Transcribe exactly the lines below that begin at the line with "The 12Th Meeting" and stop after the line with "Get trendy with", leaving out every picture.

- [The data]:
--- START ---
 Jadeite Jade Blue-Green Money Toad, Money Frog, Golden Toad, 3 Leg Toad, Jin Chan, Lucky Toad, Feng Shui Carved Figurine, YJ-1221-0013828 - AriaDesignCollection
--- END ---
--- START ---
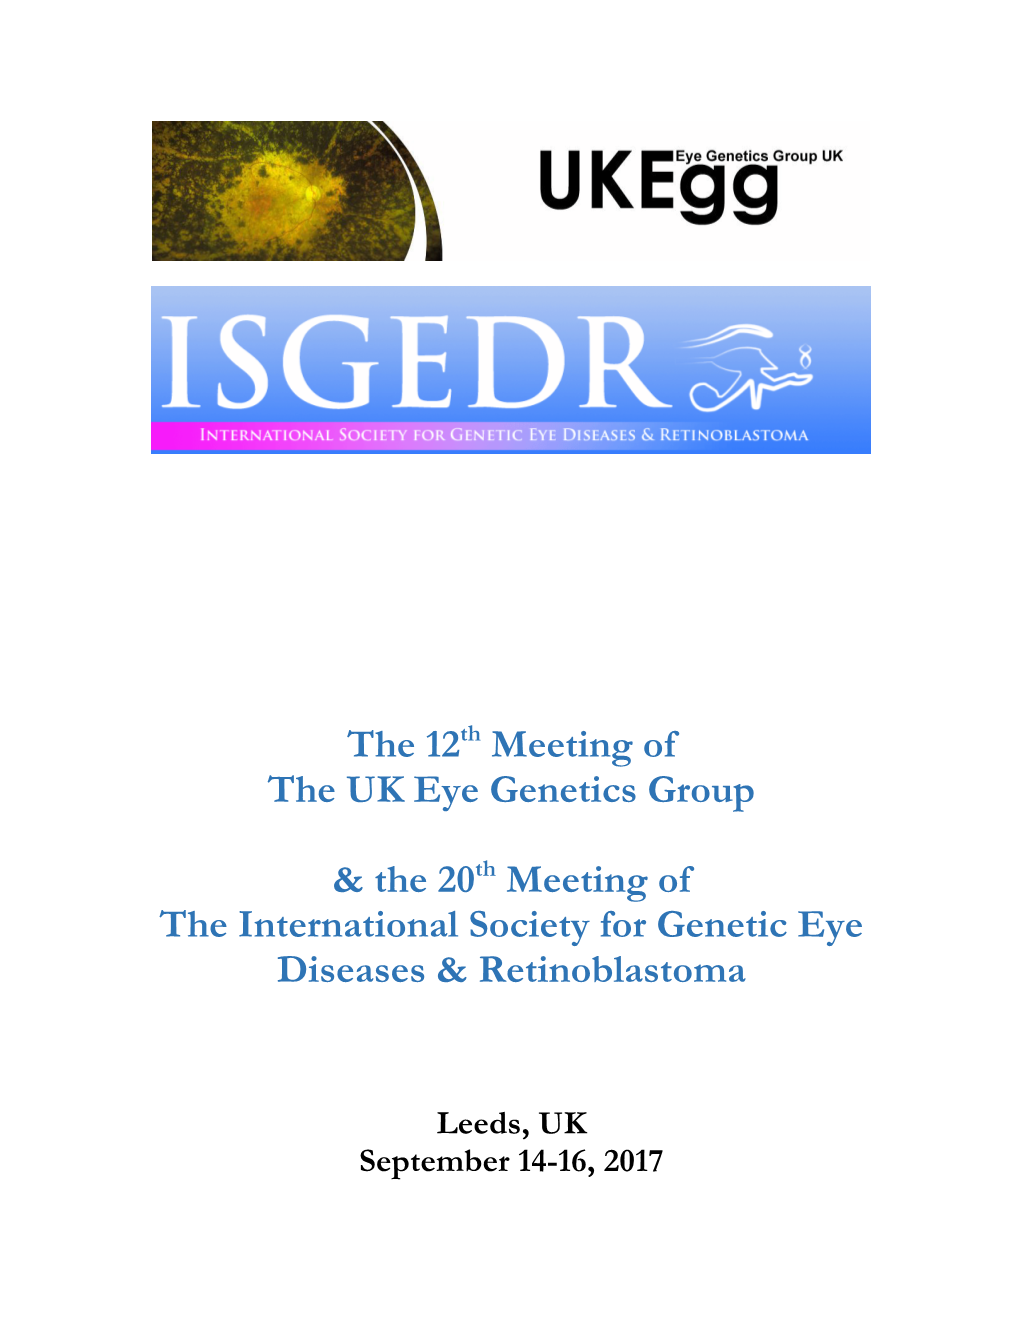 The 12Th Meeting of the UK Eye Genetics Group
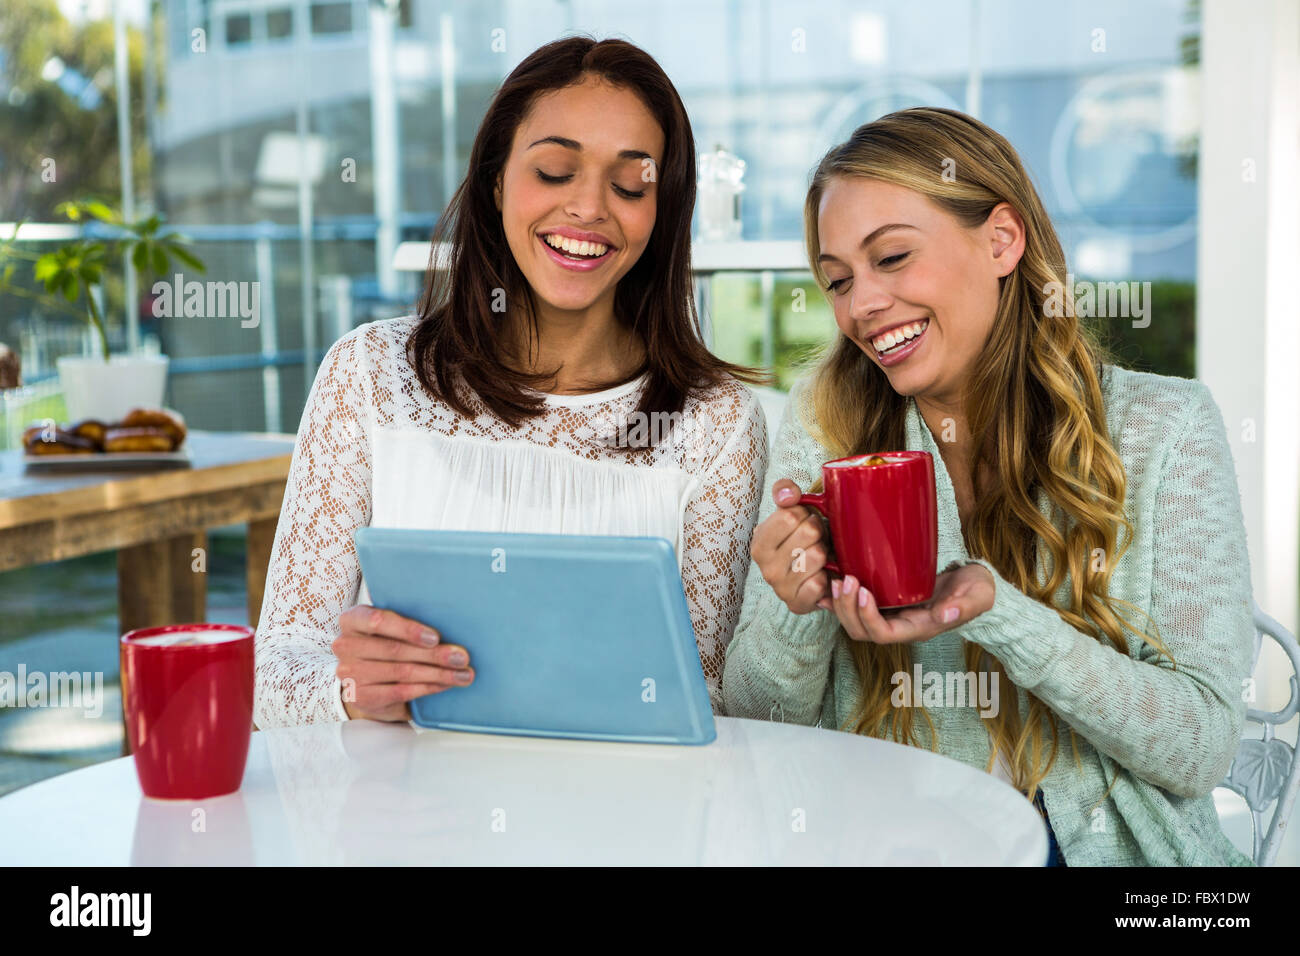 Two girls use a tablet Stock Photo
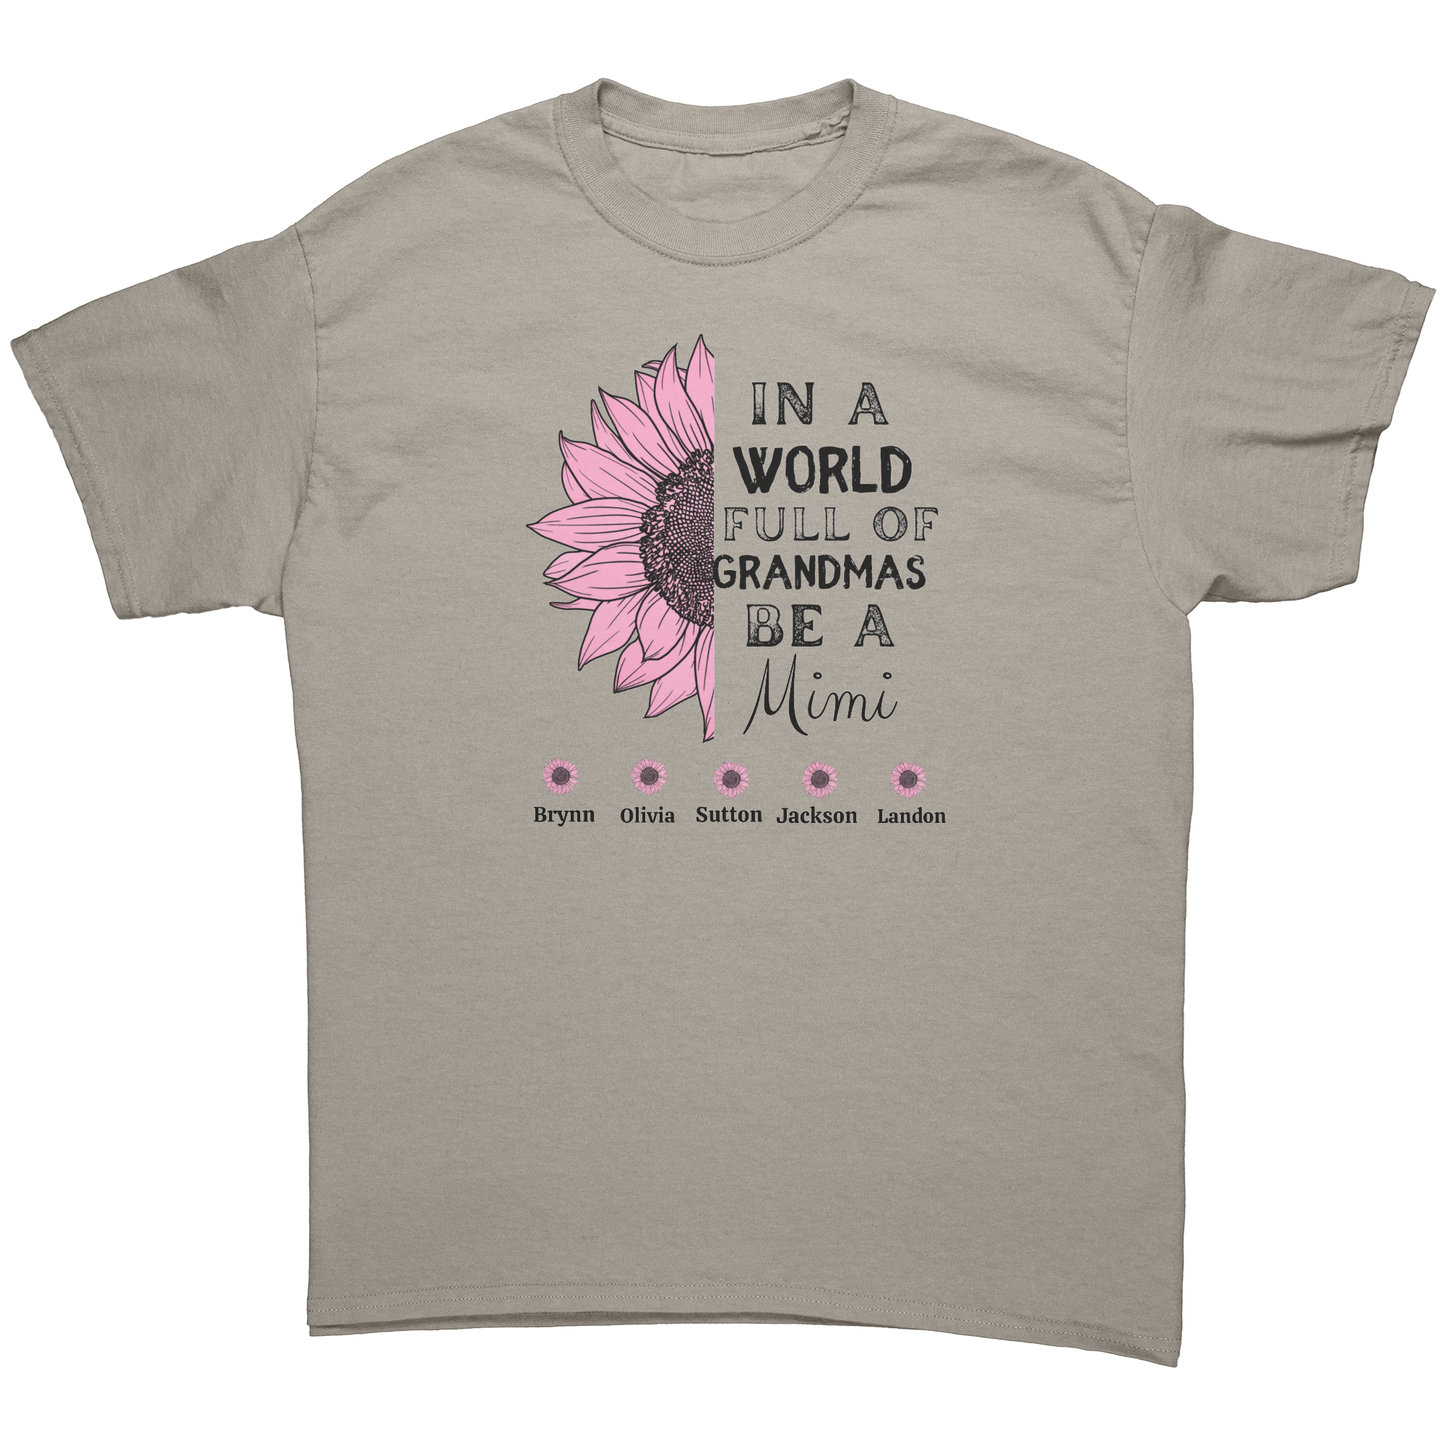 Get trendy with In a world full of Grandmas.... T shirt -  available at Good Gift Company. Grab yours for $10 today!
--- END ---
--- START ---
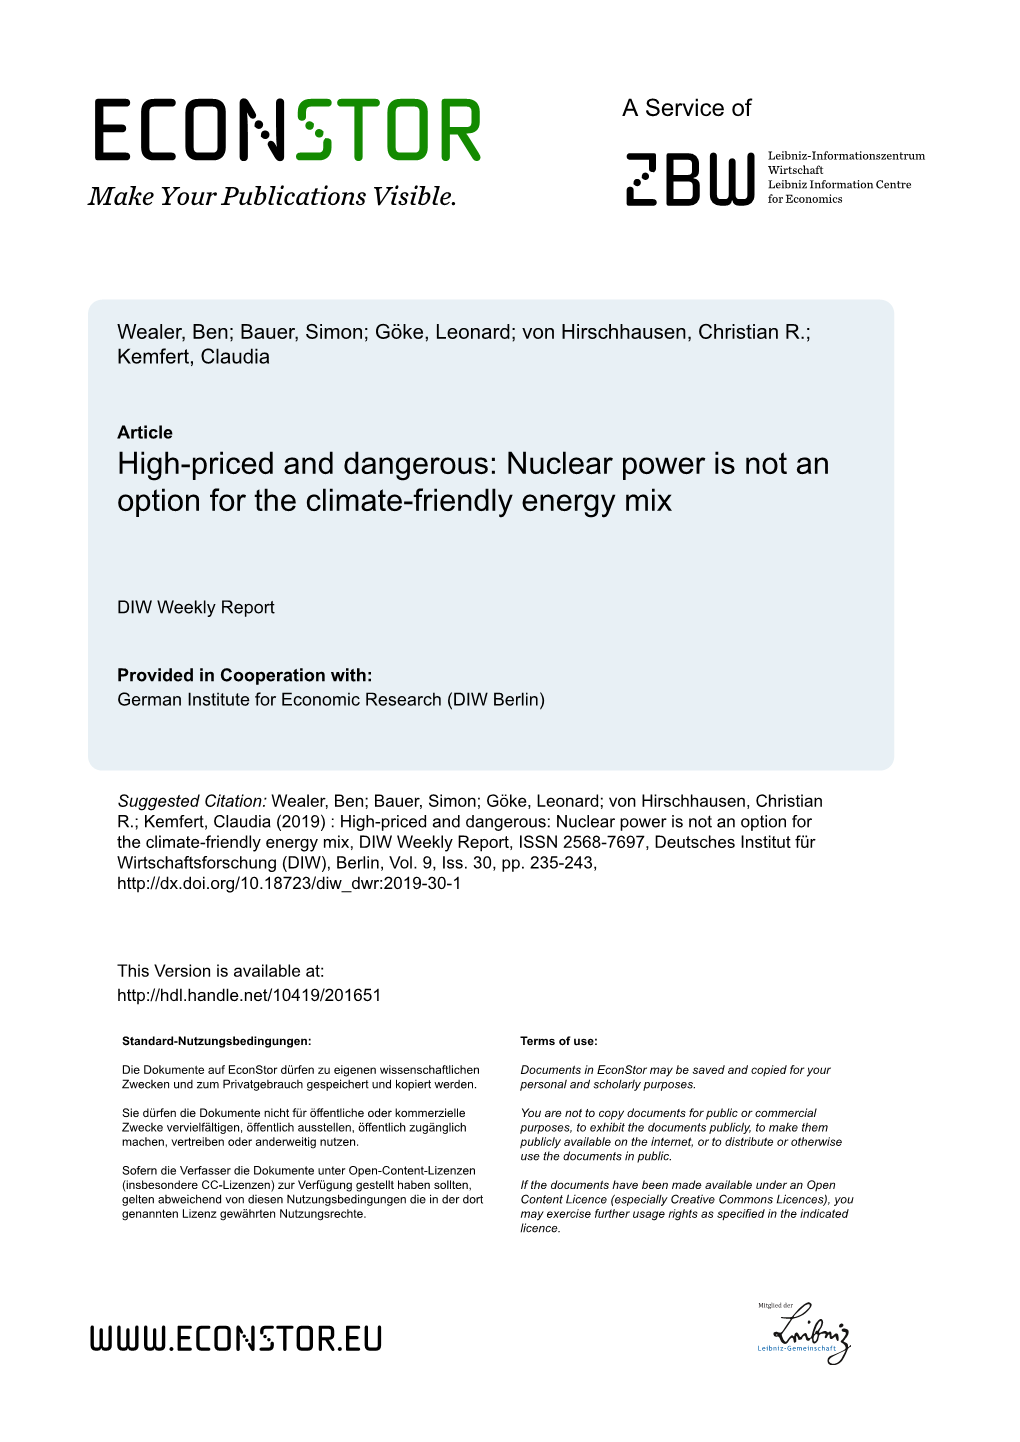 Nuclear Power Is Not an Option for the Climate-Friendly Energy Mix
--- END ---
- [Expected answer]:
 The 12Th Meeting of the UK Eye Genetics Group
 Two girls use a tablet Stock Photo
 Get trendy with In a world full of Grandmas.... T shirt -  available at Good Gift Company. Grab yours for $10 today!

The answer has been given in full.